From owner-freebsd-hackers  Mon Aug 17 13:48:35 1998
Return-Path: <owner-freebsd-hackers@FreeBSD.ORG>
Received: (from majordom@localhost)
          by hub.freebsd.org (8.8.8/8.8.8) id NAA16118
          for freebsd-hackers-outgoing; Mon, 17 Aug 1998 13:48:35 -0700 (PDT)
          (envelope-from owner-freebsd-hackers@FreeBSD.ORG)
Received: from smtp04.primenet.com (smtp04.primenet.com [206.165.6.134])
          by hub.freebsd.org (8.8.8/8.8.8) with ESMTP id NAA16107
          for <hackers@FreeBSD.ORG>; Mon, 17 Aug 1998 13:48:29 -0700 (PDT)
          (envelope-from tlambert@usr06.primenet.com)
Received: (from daemon@localhost)
	by smtp04.primenet.com (8.8.8/8.8.8) id NAA13037;
	Mon, 17 Aug 1998 13:47:51 -0700 (MST)
Received: from usr06.primenet.com(206.165.6.206)
 via SMTP by smtp04.primenet.com, id smtpd012948; Mon Aug 17 13:47:40 1998
Received: (from tlambert@localhost)
	by usr06.primenet.com (8.8.5/8.8.5) id NAA06478;
	Mon, 17 Aug 1998 13:47:37 -0700 (MST)
From: Terry Lambert <tlambert@primenet.com>
Message-Id: <199808172047.NAA06478@usr06.primenet.com>
Subject: Re: sendfile() API?
To: oppermann@pipeline.ch (Andre Oppermann)
Date: Mon, 17 Aug 1998 20:47:37 +0000 (GMT)
Cc: shocking@prth.pgs.com, hackers@FreeBSD.ORG
In-Reply-To: <35D85D39.8ED6BD8E@pipeline.ch> from "Andre Oppermann" at Aug 17, 98 06:41:29 pm
X-Mailer: ELM [version 2.4 PL25]
MIME-Version: 1.0
Content-Type: text/plain; charset=US-ASCII
Content-Transfer-Encoding: 7bit
Sender: owner-freebsd-hackers@FreeBSD.ORG
Precedence: bulk
X-Loop: FreeBSD.ORG

> The benefit of something like sendfile() is (according to Marc and my
> understanding) to save the time something needs to get read from an
> FS and write to the network (very common in webserver and fileserver
> applications) via userland (actually the process that does the handling
> of the serving).


OK, here we go again...

On a non-unified VM and buffer cache OS, a write requires a bmap operation
to map the user's buffer into the kernel virtual address sapce.

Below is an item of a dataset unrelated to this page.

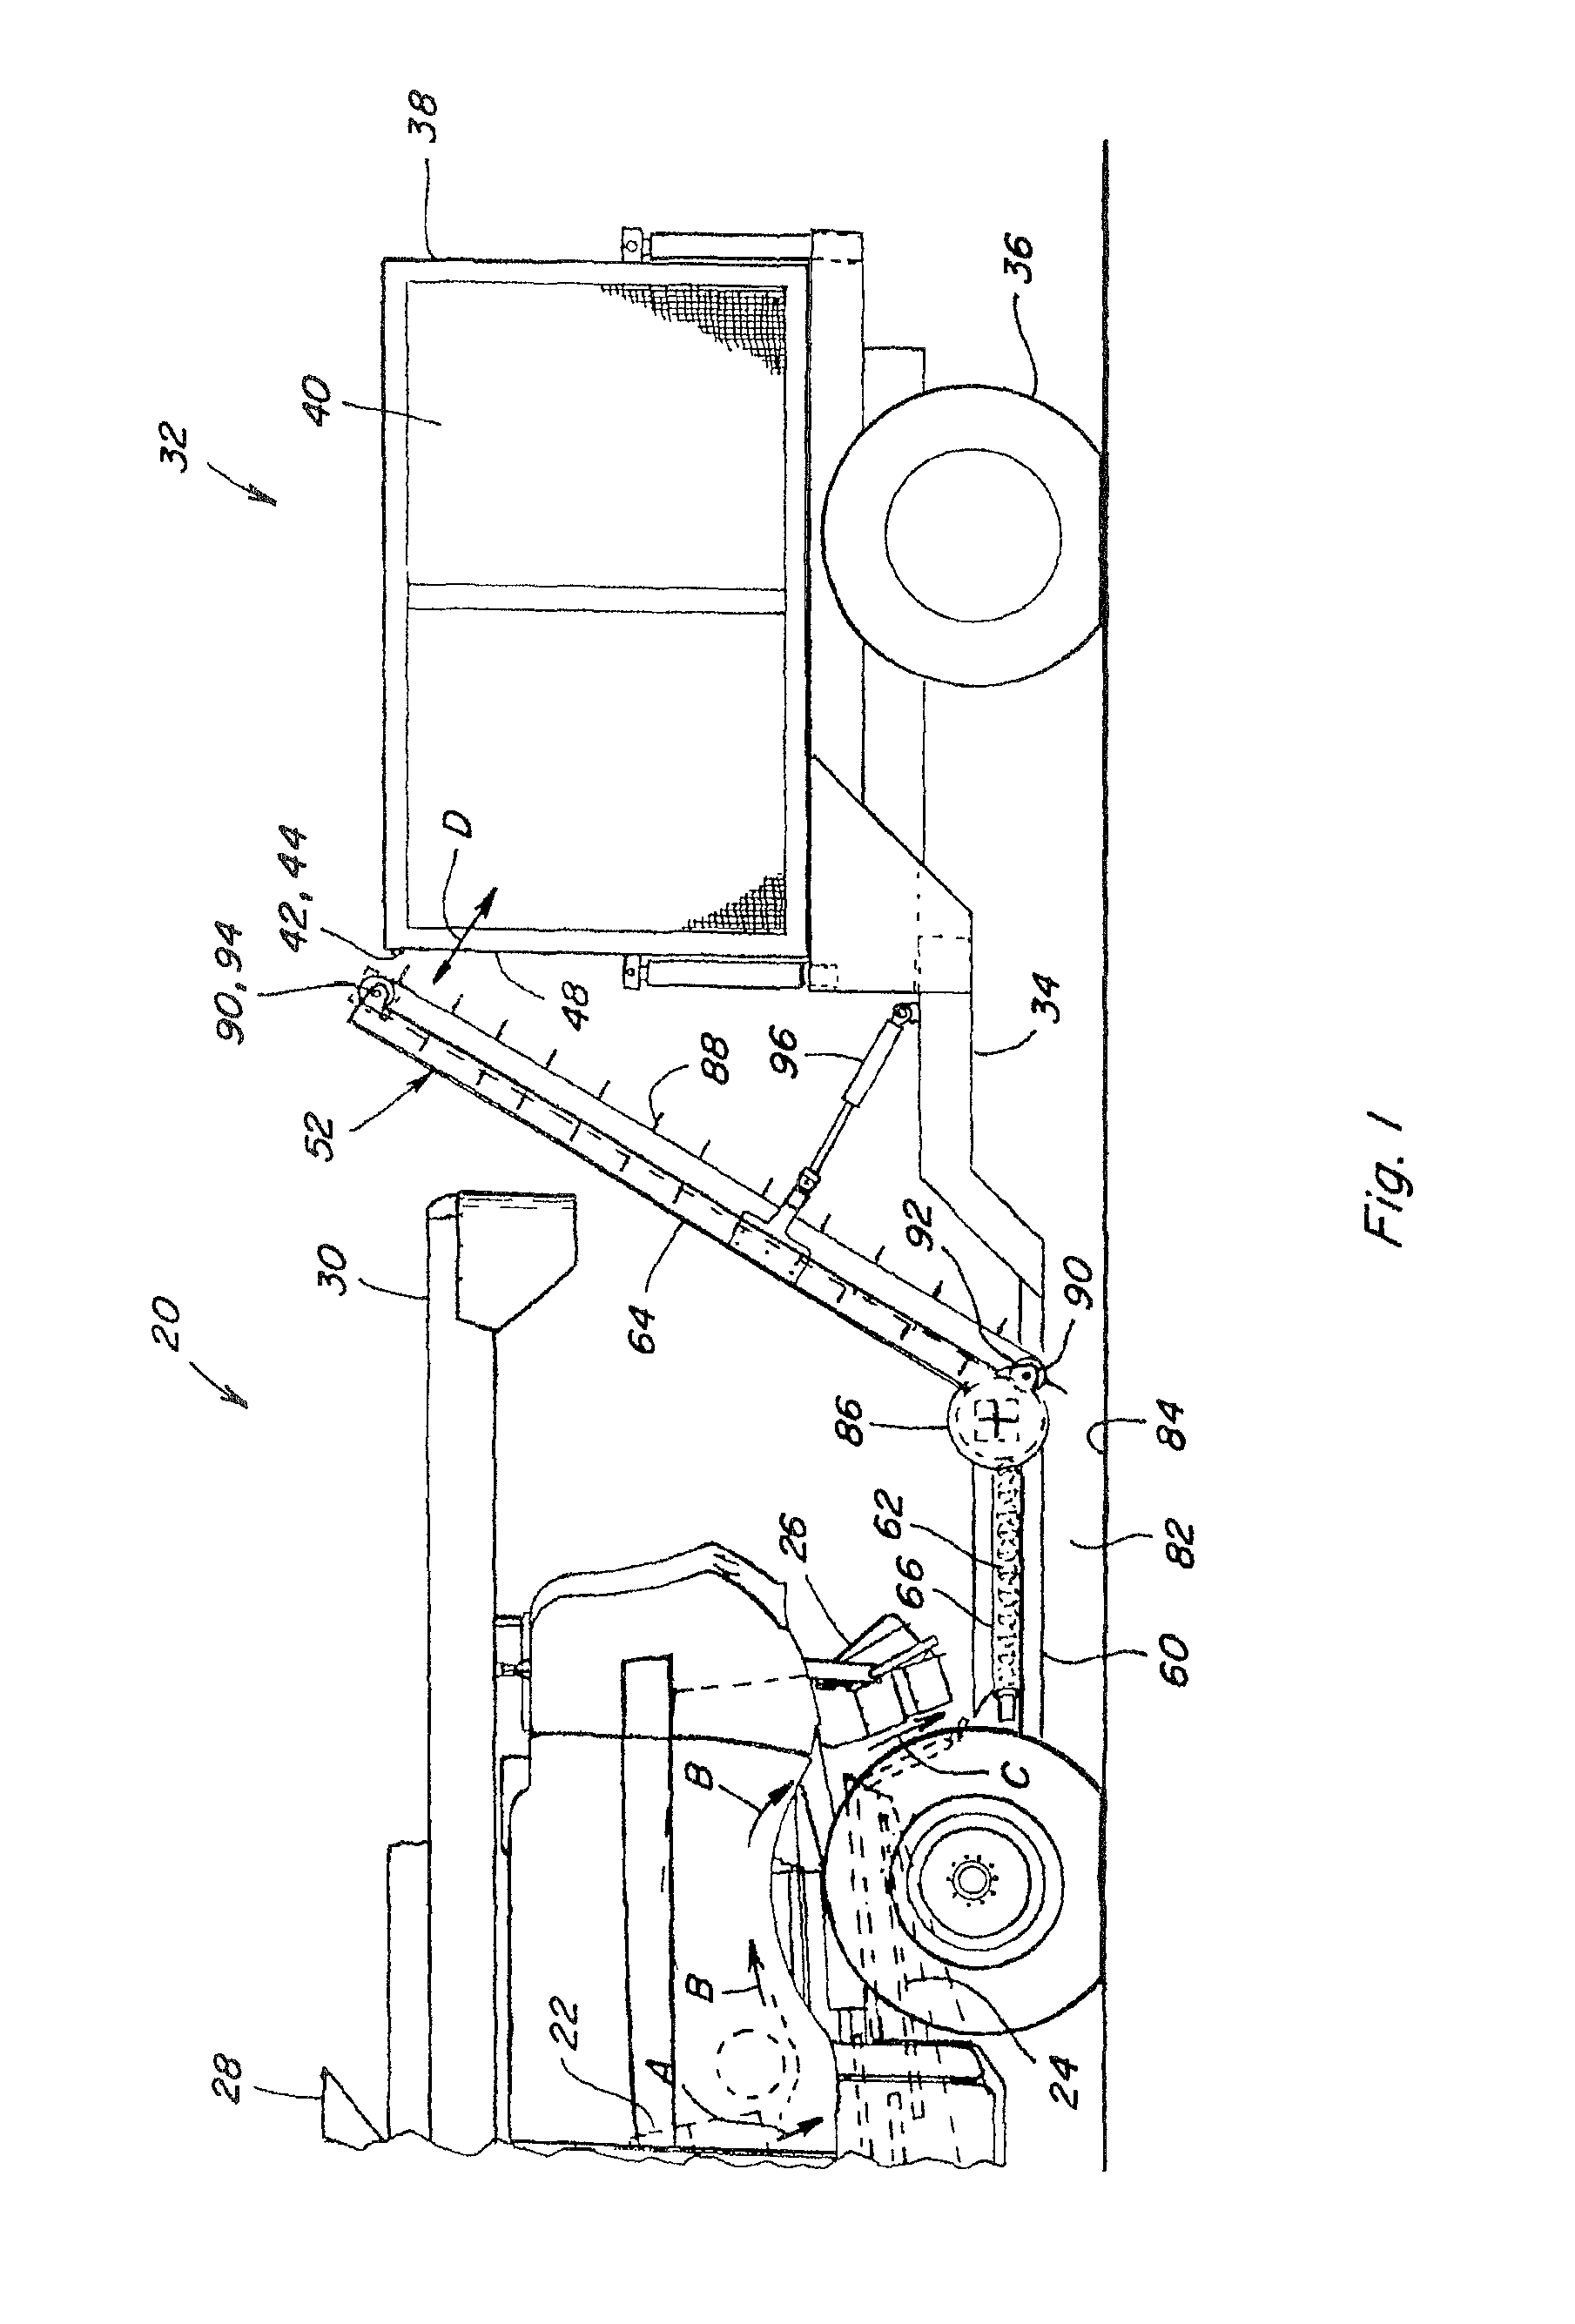 Corn cob collection device with stowable conveyor system having positive de-husking capability

On a Unified VM and buffer cache, this is not necessary.

To establish an mmap mapping of a file into a process address space
on a non-unified VM and buffer cache machine, seperate VM pages are
needed, and these shadow buffer cache contents, requiring a copy of
the buffer cache contents into VM to instantiate the mapping and make
it visible to the process.

On a unified VM and buffer cache system, a buffer is a VM mapping,
and no copy is necessary.

So if you mmap the file on FreeBSD, and then write a memory range in
the file to a socket, then the only triggered copy is from a kernel
space VM buffer to a kernel space anonymous VM mapping (an mbuf).

There are two unavoidable copies here: (1), the copy from the disk
controller to the VM buffer for the page demand, and (2) the copy
from the mbuf to the ethernet controller.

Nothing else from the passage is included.